**AIM OF THE EXERCISE**.
Filter these records by the string "Images", copying each line that holds it.
-- GIVEN RECORDS follows --
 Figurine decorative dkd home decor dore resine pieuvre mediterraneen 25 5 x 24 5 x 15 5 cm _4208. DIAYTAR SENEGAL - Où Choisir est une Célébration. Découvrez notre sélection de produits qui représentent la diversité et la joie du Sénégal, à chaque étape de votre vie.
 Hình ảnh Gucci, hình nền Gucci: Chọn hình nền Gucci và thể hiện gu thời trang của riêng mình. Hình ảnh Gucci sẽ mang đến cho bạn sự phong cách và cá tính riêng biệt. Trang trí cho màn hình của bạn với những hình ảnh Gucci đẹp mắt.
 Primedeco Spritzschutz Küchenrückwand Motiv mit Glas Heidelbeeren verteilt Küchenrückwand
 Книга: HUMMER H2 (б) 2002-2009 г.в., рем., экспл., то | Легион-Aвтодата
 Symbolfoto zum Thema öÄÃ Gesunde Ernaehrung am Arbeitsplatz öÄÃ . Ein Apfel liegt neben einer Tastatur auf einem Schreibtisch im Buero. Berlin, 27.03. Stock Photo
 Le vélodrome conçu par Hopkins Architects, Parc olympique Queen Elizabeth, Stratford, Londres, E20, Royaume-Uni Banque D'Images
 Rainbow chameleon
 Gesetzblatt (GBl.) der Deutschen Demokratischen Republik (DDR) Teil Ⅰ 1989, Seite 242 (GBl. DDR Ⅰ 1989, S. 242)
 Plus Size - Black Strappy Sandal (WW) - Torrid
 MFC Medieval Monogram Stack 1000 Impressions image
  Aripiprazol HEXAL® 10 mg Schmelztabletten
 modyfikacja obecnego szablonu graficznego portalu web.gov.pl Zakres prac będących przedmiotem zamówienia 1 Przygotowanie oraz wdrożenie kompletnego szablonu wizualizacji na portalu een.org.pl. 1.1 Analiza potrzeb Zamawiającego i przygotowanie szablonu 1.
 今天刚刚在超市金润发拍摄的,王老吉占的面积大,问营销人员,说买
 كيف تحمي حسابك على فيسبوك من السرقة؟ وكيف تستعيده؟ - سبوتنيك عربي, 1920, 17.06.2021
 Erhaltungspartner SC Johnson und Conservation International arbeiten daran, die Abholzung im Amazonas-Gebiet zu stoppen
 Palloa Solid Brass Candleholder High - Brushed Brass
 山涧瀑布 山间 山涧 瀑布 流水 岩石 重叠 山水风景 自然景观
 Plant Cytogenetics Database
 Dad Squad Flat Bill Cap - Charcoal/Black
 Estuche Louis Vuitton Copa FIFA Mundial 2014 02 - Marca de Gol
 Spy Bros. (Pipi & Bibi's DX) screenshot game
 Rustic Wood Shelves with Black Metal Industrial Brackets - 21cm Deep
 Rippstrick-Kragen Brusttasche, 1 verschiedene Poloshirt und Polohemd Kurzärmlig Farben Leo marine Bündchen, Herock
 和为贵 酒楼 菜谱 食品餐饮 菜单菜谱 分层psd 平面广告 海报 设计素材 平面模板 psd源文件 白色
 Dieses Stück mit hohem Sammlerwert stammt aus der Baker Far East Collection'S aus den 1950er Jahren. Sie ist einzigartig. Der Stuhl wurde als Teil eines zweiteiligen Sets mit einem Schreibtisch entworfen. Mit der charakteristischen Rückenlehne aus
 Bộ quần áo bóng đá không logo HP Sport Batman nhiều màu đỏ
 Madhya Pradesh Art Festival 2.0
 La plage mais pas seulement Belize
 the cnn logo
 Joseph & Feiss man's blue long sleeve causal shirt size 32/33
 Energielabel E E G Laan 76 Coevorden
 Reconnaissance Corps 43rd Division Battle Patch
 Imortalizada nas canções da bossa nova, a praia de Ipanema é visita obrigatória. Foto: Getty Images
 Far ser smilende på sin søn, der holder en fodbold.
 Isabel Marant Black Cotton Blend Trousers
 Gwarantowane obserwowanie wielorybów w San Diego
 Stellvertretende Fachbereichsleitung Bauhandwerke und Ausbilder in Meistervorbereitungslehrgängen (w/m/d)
-- GIVEN RECORDS concluded --
**EXERCISE SOLUTION**.
 Le vélodrome conçu par Hopkins Architects, Parc olympique Queen Elizabeth, Stratford, Londres, E20, Royaume-Uni Banque D'Images
 Imortalizada nas canções da bossa nova, a praia de Ipanema é visita obrigatória. Foto: Getty Images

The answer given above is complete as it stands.